If we now consider the protocol between Bob and Charlie, we will notice that for as long as Charlie sticks to the protocol, Bob will also be able to. Once Charlie sends Bob the response or the proof of a broken edge, Bob can forward it to Alice, and for every 200ms of delay, Bob forwards Alice the payment from Charlie. If Charlie deviates from the protocol, meaning that he doesn’t send Bob the payment for the delay, Bob can choose to either break the edge, and thus still conform to the protocol, or wait for Charlie and pay the delay fee out of pocket.
Alice pays for the message routed, and Bob, Charlie, and David all make money from messages sent by Alice and other users of the network. Thus, if Sarah ends up not responding to the message from Alice, for David it makes no sense to sacrifice their edge with Charlie, with whom they do business, and the most likely outcome is that an edge that is immediately incident to Sarah will end up being broken.
Either way, Alice either receives the response from Sarah, with a small compensation for any delay, or receives proof that someone deviated from the protocol, and an edge was destroyed. In the latter case, Alice can continue issuing the same request over different paths, until Sarah is separated from the network.
Proof of Response doesn’t itself impose any requirements on the message that Sarah sends to Alice besides the fact that it needs to be signed by Sarah. It is up to the protocols that build on top of Proof of Response to introduce validation of such messages, and procedures to enforce their correctness.
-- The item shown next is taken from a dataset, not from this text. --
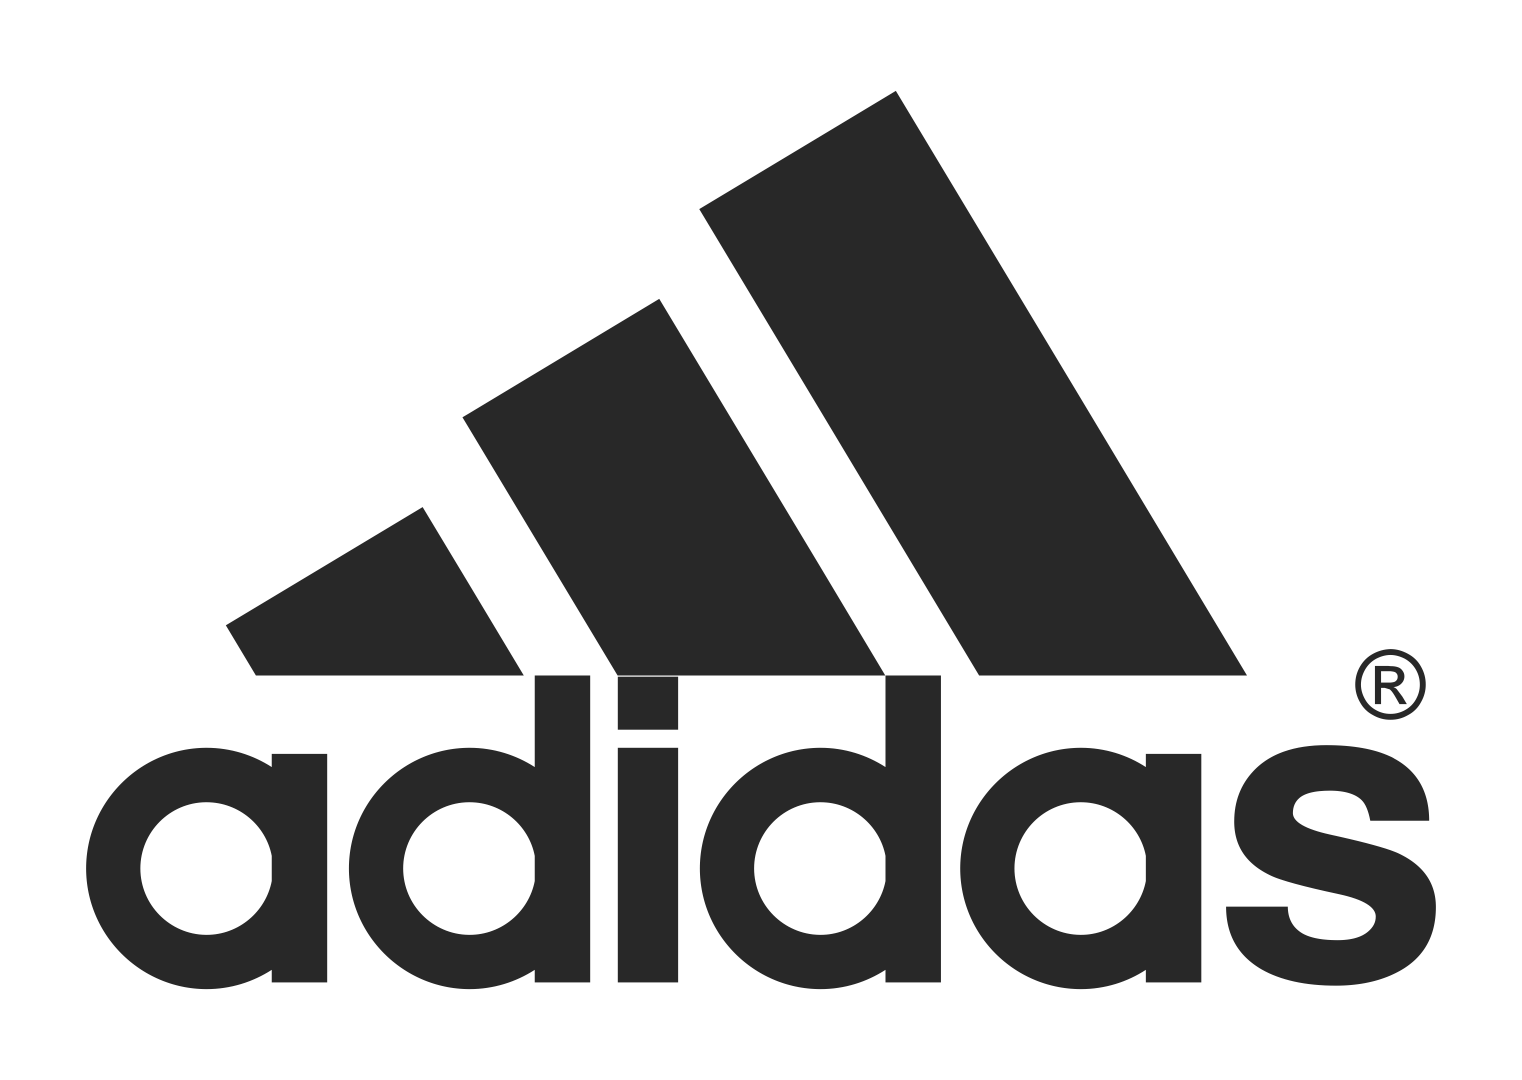 black adidas logo png

This also means that Proof of Response can be used by many types of protocols and many different use cases, from AI to crypto and beyond.
As another example, consider a data storage protocol. Protocols such as Filecoin, Arweave, Sia, and OnMachina have mechanisms in place to ensure that the providers of the storage store the file for the agreed upon duration, but they do not have a way to ensure that the data is served. In such protocols the data providers already have a stake that works as an assurance that the data is stored. With proof of response, the protocols can reuse the same stake to ensure that the data is also served. A user that wants to get data from the storage provider can request it via Proof of Response. As was shown above, they will either receive the response from the provider, or separate them from the network. The data storage protocol can build extra slashing mechanisms into their contracts that would slash the data provider if they get disconnected from the network, or if the user can provide any message signed by the data provider that doesn’t adhere to the data storage protocol.
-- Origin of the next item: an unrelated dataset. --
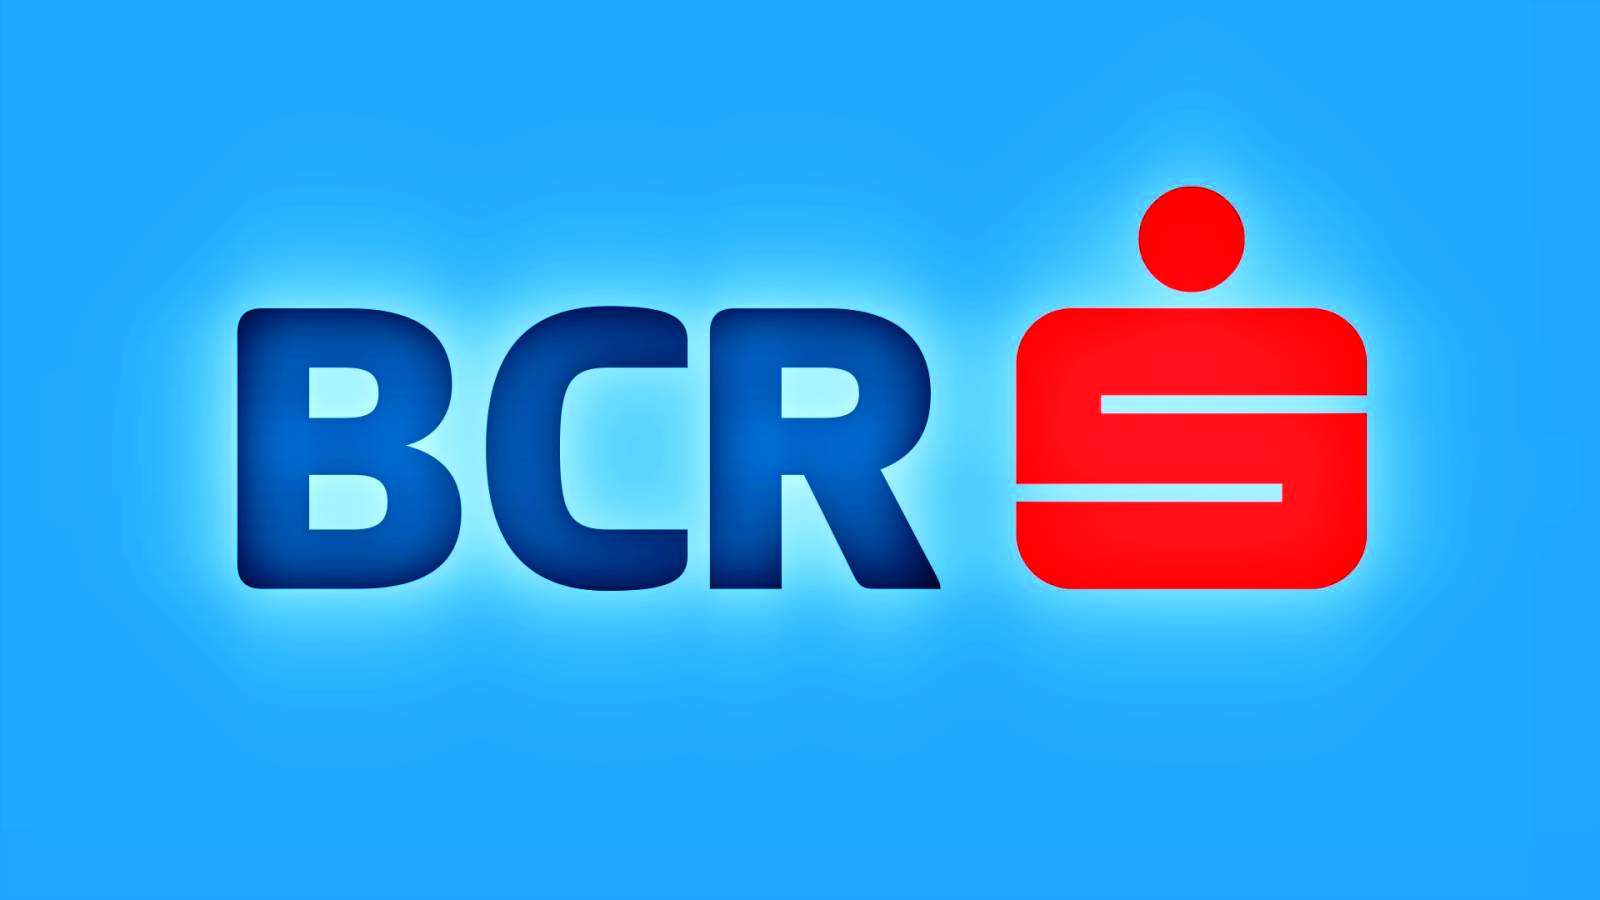 BCR Romania profile

Once we started working on Proof of Response, we noticed that there are many places where it can be helpful. For example, blockchain nodes would be easier to design if the nodes can be certain that their peers will respond to their block requests. AI inference providers such as Hyperbolic can provide provable guaranteed uptime to their users.
Most importantly, in a large network of AI agents, agent creators can provide assurances to the developers who want to take dependency on their agents that either their agents will be online and available, or a compensation will be paid out to the developer, all handled by smart contracts. This way, Proof of Response ensures liveness of agents in the agentic Internet of the future.
Besides liveness, we also need to ensure the safety of the agents, meaning that we want to make sure that the agents do what they claim to do, and do not leak private user data in doing so. Both of these guarantees can be ensured by using another technology called Trusted Execution Environments (TEEs). NEAR AI will be using Proof of Response as part of a system utilizing TEEs and will share another post about how it works very soon.